Extracted records:
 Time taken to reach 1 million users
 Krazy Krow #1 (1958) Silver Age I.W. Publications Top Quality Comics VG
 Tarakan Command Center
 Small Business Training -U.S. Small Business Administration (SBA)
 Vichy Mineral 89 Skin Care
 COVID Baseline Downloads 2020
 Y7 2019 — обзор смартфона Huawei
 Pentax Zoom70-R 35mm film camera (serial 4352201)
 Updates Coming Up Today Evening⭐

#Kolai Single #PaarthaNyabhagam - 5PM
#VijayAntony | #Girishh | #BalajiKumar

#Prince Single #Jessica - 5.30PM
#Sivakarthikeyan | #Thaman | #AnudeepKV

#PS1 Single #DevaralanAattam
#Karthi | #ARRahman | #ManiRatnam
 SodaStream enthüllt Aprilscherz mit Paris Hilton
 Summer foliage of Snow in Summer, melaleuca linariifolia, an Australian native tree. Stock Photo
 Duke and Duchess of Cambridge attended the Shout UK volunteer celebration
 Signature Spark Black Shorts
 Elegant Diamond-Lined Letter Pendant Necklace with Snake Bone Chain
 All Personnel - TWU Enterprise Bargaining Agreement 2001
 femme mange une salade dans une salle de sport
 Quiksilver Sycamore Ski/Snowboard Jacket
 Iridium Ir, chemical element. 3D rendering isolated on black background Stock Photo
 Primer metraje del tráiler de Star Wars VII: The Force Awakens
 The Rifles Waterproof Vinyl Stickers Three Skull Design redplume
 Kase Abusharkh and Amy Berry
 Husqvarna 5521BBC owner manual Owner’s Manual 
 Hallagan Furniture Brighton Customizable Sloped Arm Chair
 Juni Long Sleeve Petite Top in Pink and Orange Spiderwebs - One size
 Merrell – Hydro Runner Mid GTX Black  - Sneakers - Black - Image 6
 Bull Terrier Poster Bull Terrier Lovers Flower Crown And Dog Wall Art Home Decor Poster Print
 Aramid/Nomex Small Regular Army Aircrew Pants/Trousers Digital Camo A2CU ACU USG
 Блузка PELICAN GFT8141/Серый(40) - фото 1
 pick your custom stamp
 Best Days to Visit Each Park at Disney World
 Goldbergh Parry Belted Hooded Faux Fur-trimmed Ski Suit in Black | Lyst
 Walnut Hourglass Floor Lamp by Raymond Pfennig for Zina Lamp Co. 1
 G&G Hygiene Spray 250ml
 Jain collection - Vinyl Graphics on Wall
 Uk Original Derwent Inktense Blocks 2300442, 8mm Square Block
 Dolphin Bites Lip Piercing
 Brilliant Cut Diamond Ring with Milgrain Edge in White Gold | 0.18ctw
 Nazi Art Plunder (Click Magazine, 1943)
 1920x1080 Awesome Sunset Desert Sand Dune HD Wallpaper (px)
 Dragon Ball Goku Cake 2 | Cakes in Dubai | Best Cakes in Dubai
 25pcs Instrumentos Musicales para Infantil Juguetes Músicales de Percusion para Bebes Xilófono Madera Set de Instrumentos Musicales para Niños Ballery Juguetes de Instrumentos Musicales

Required work:
If a line above holds the string "Vinyl", return it as it stands.

Final answer:
 The Rifles Waterproof Vinyl Stickers Three Skull Design redplume
 Jain collection - Vinyl Graphics on Wall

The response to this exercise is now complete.